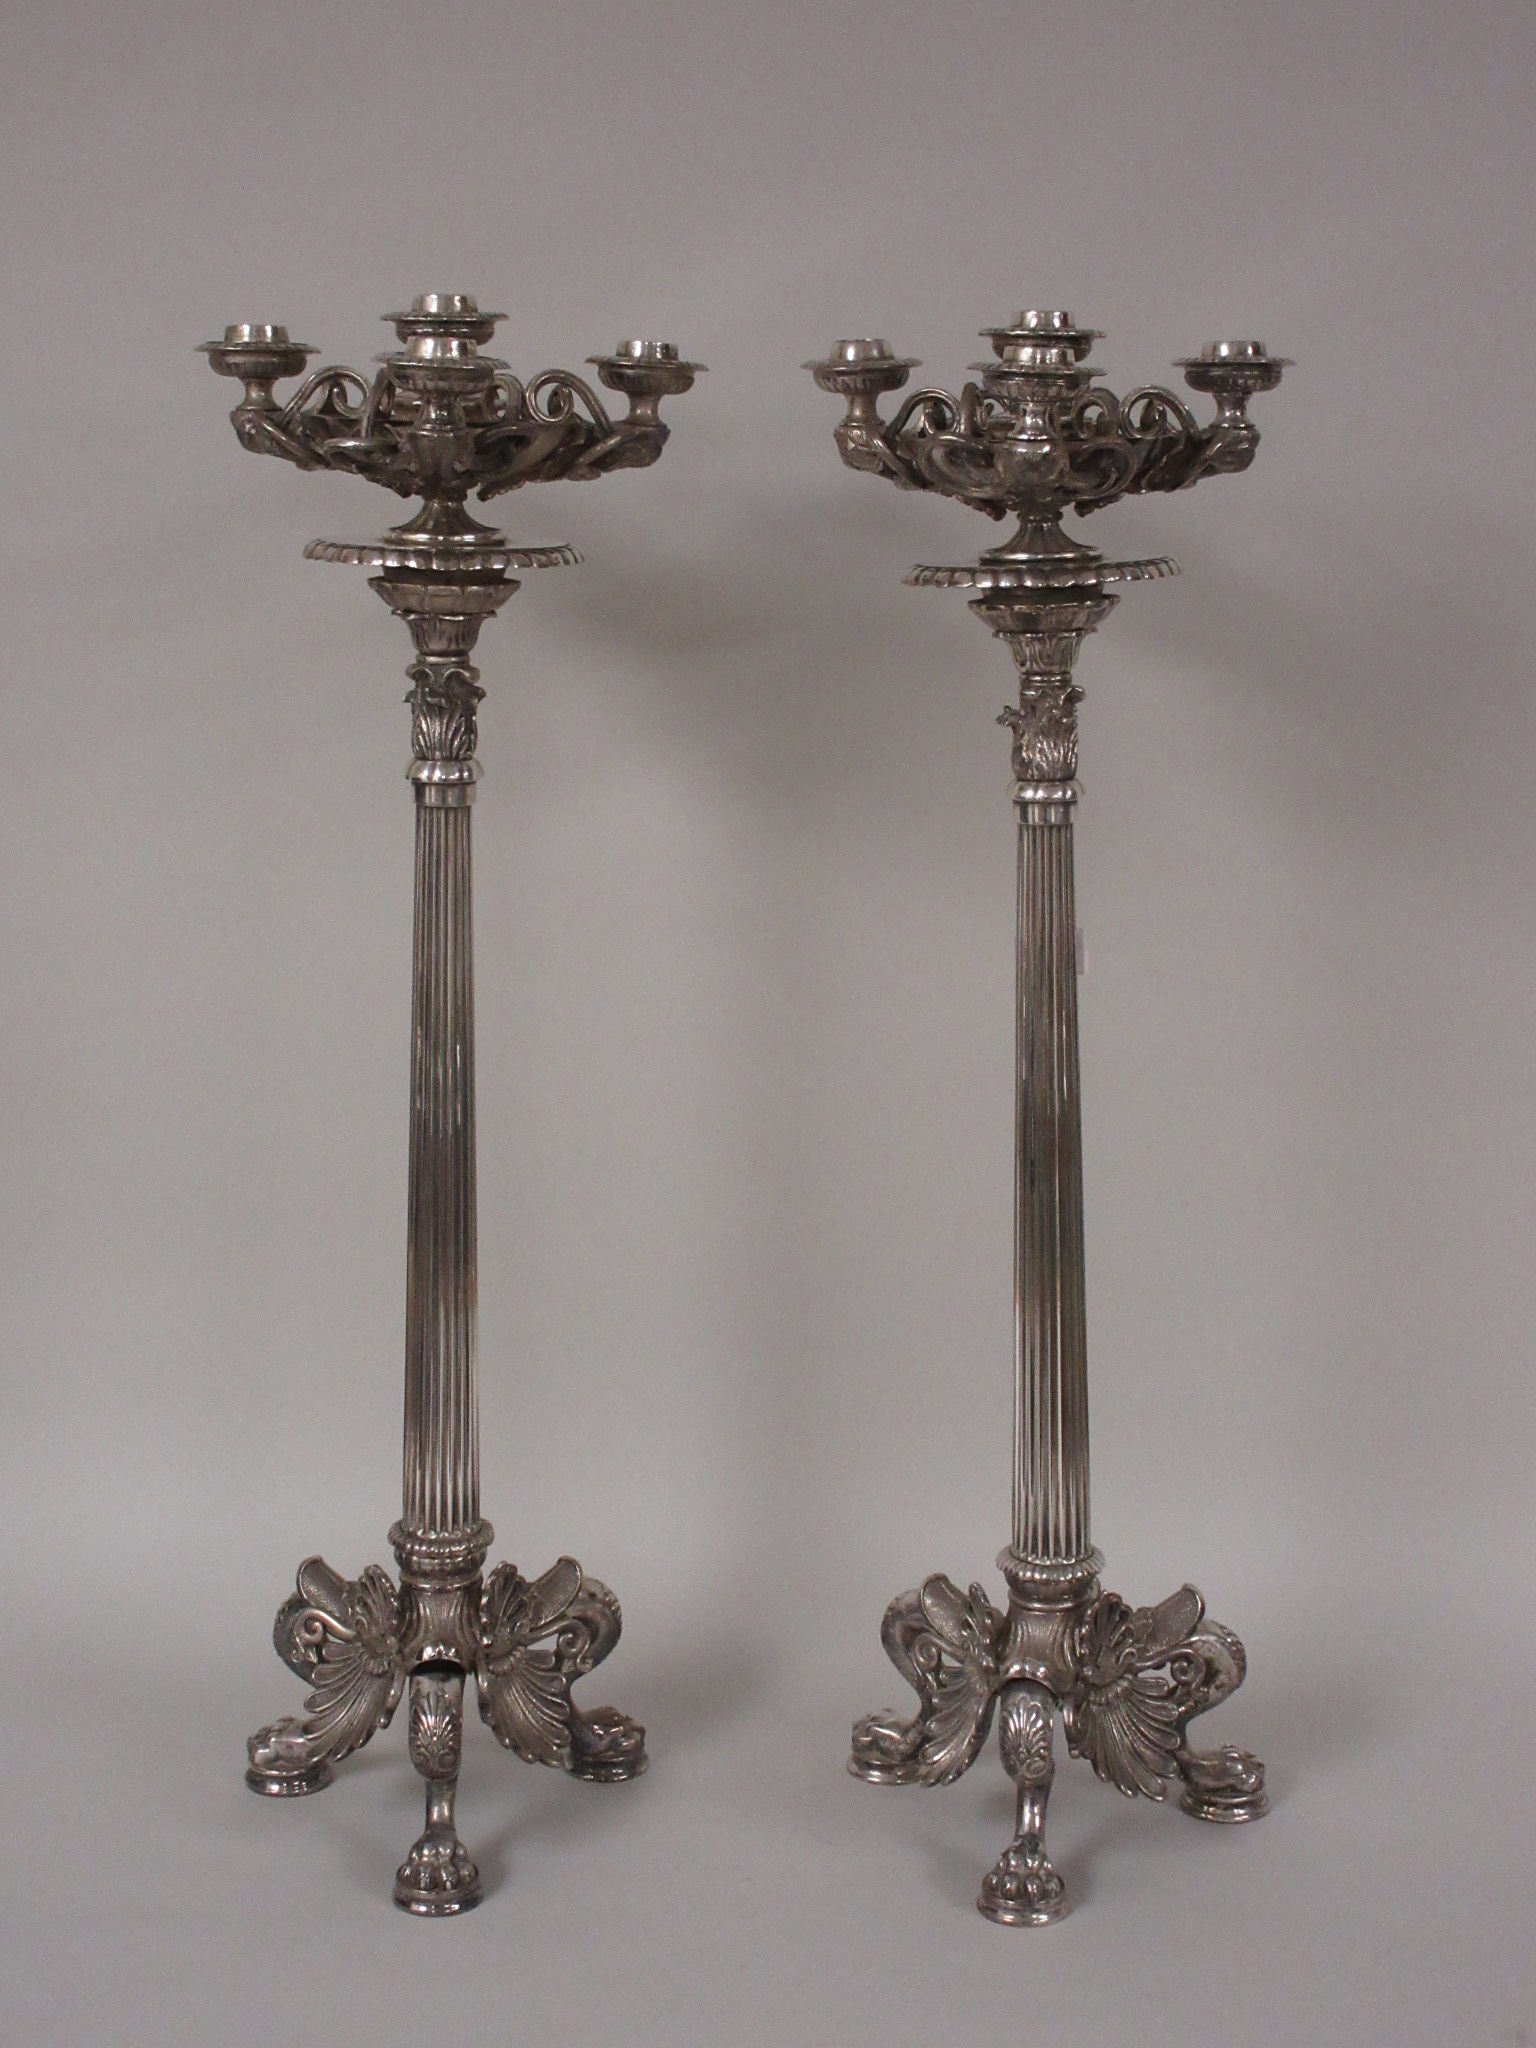 A pair of plated Table Candelabra on corinthian columns and three paw feet with scallop
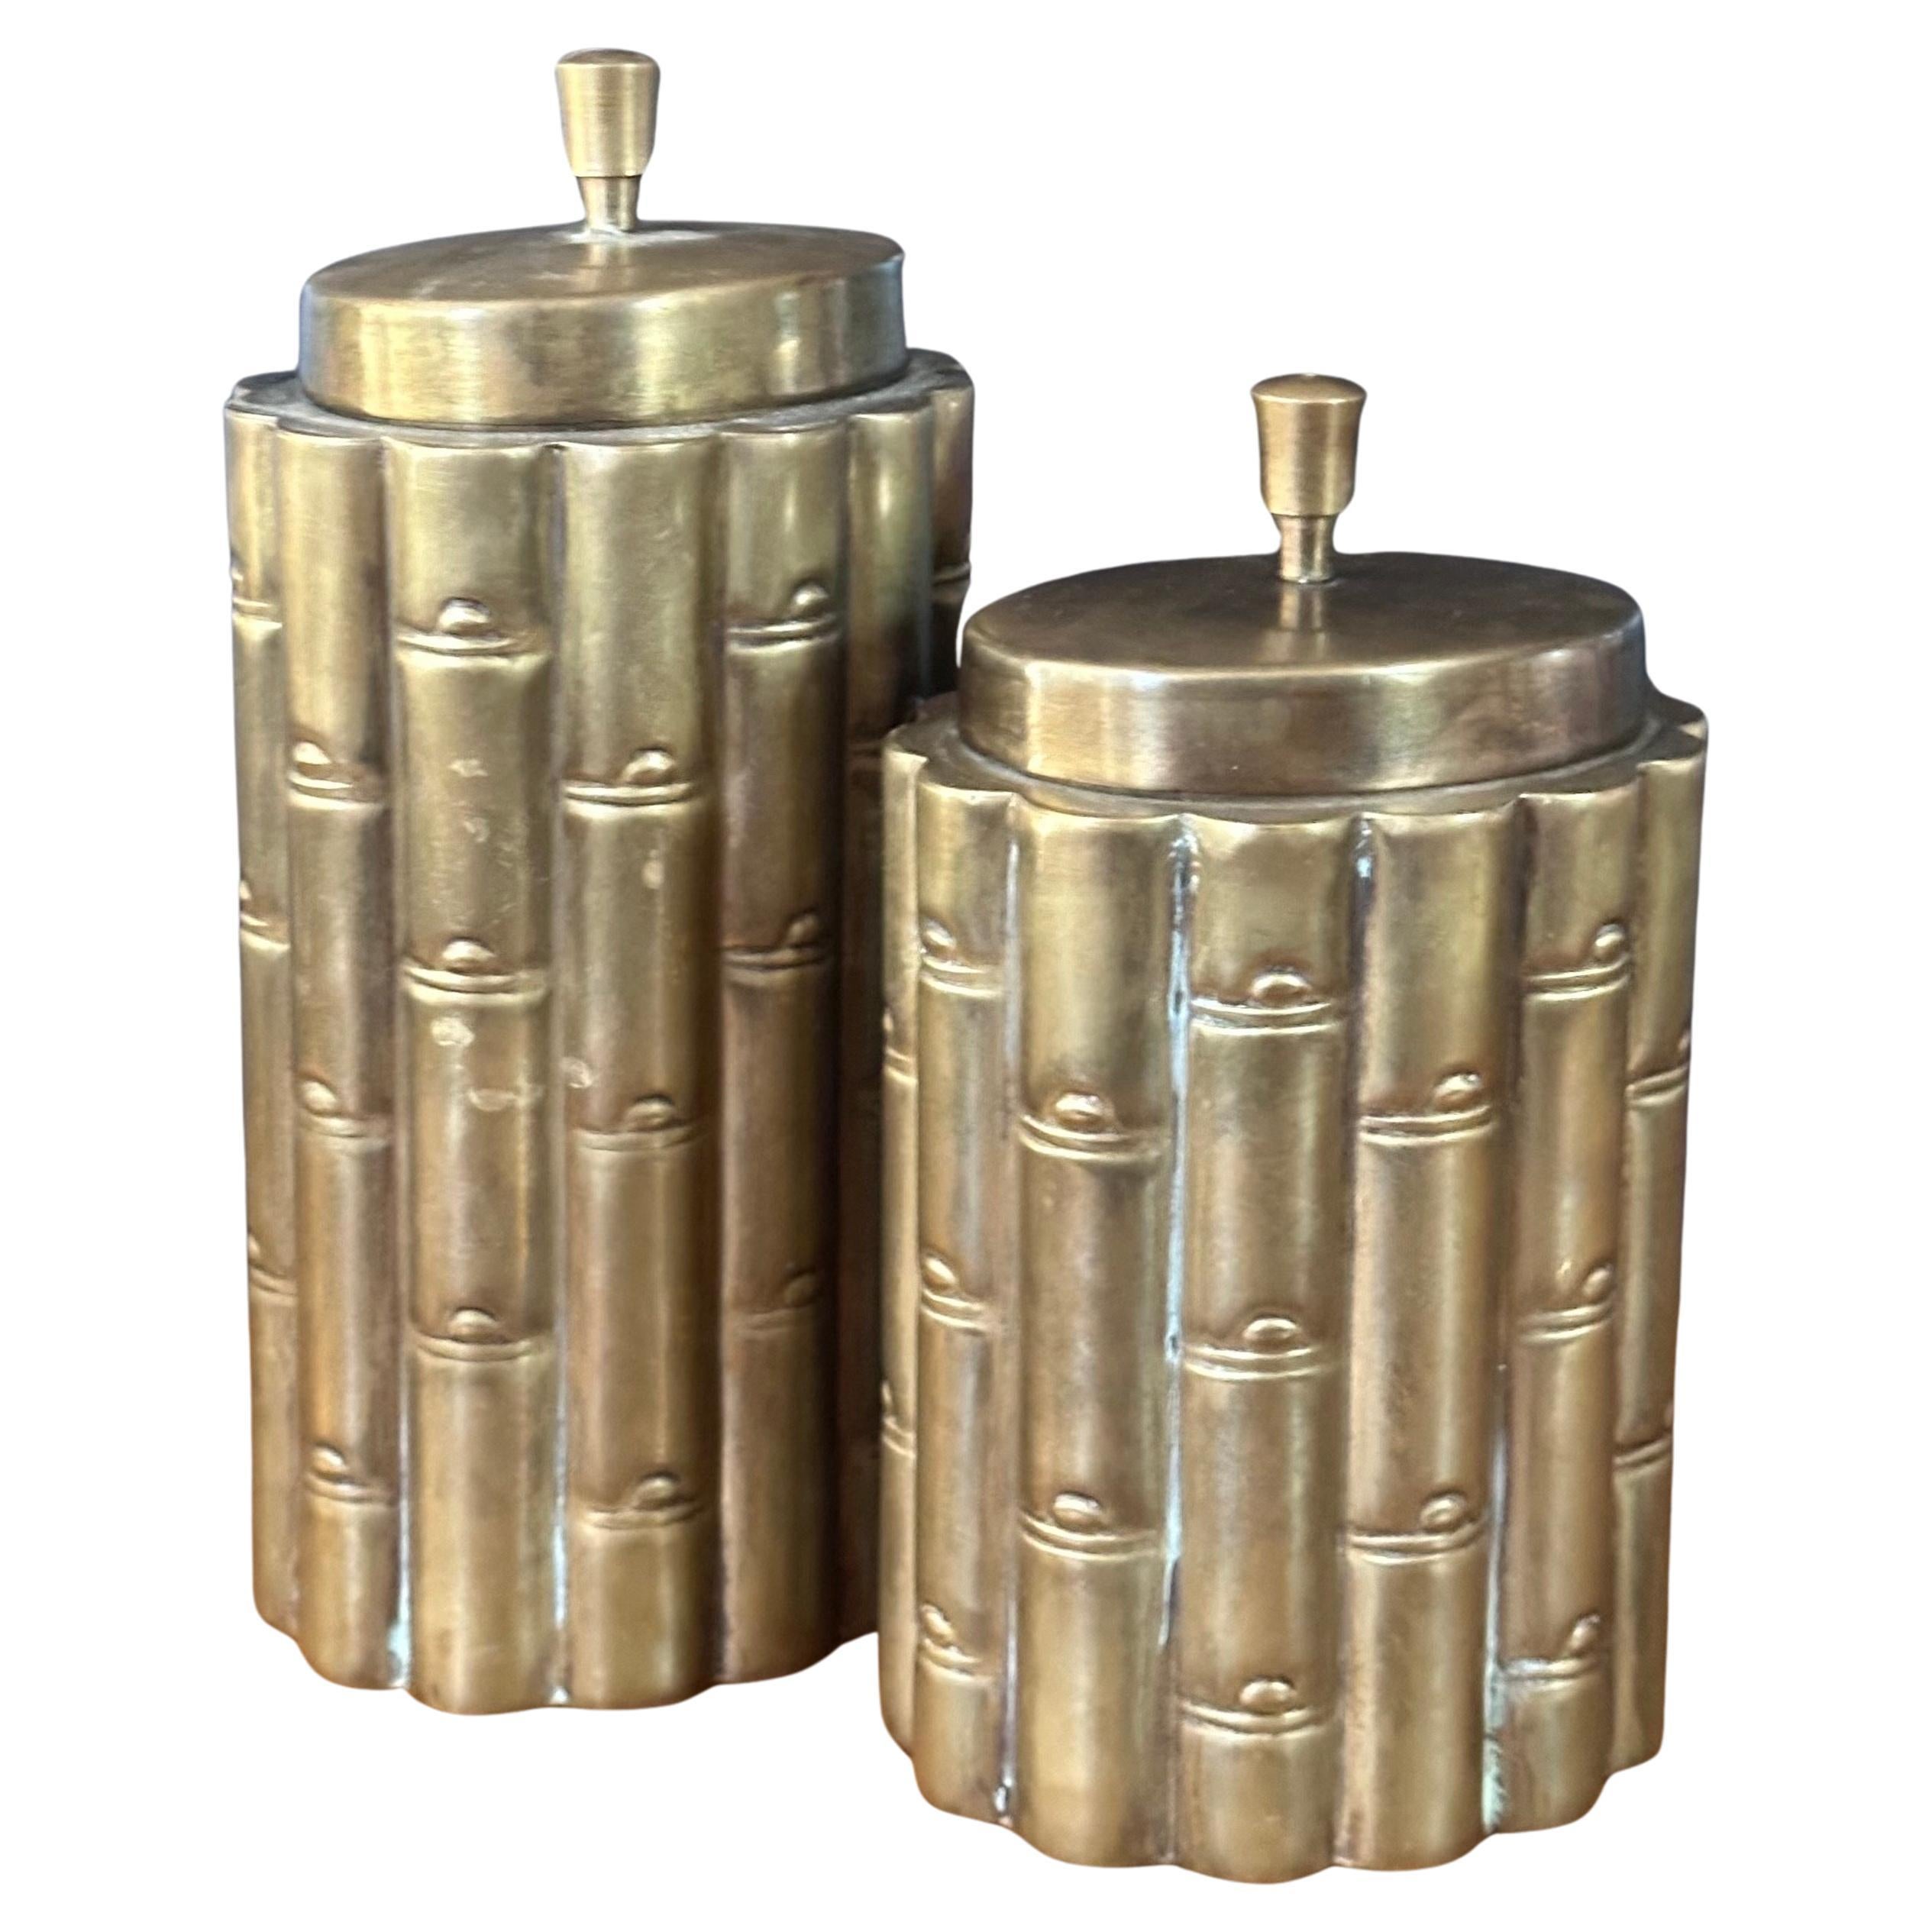 A beautiful pair of brass Hollywood regency faux bamboo cannisters, circa 1970s.  The cannisters are in very good vintage condition with a great patina and measure 4.5
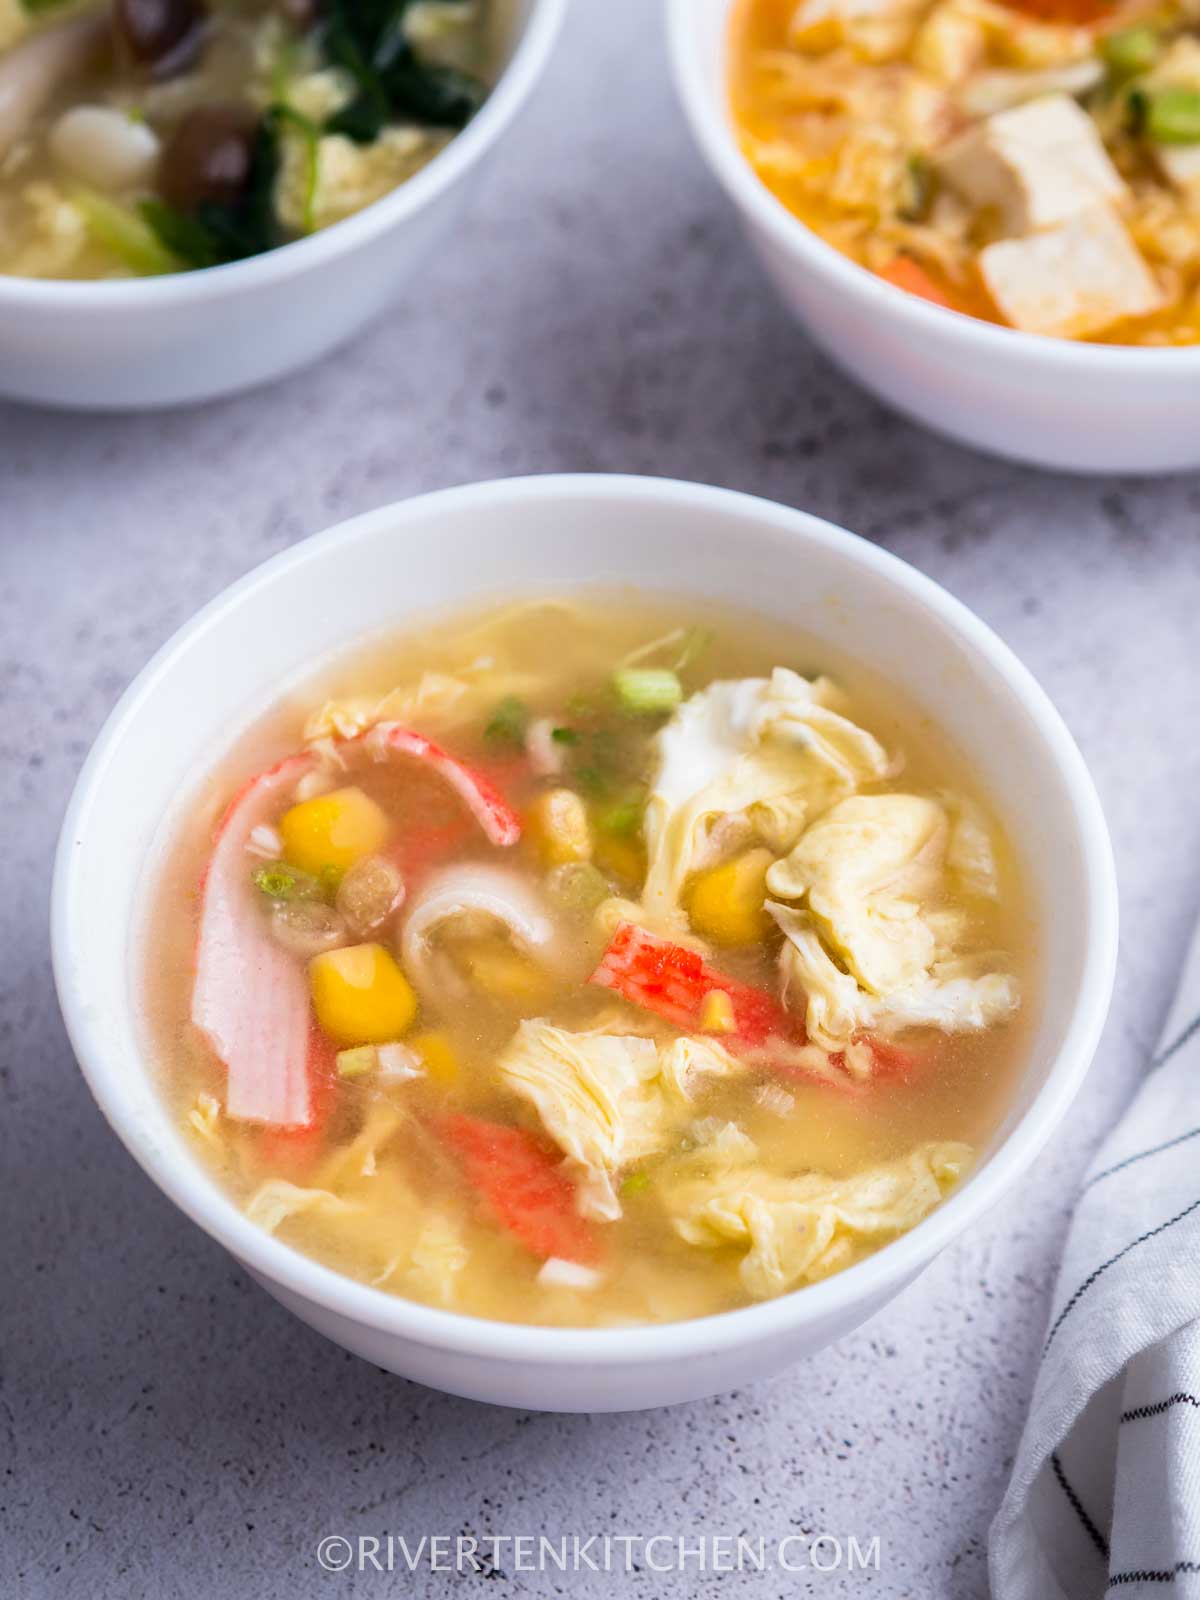 egg soup with crab sticks and corn kernels

* [Exercise brief]
For each line above, output its wording exactly and leave out any picture.

* [Reply]
 A pair of plated Table Candelabra on corinthian columns and three paw feet with scallop
 A beautiful pair of brass Hollywood regency faux bamboo cannisters, circa 1970s.  The cannisters are in very good vintage condition with a great patina and measure 4.5
 egg soup with crab sticks and corn kernels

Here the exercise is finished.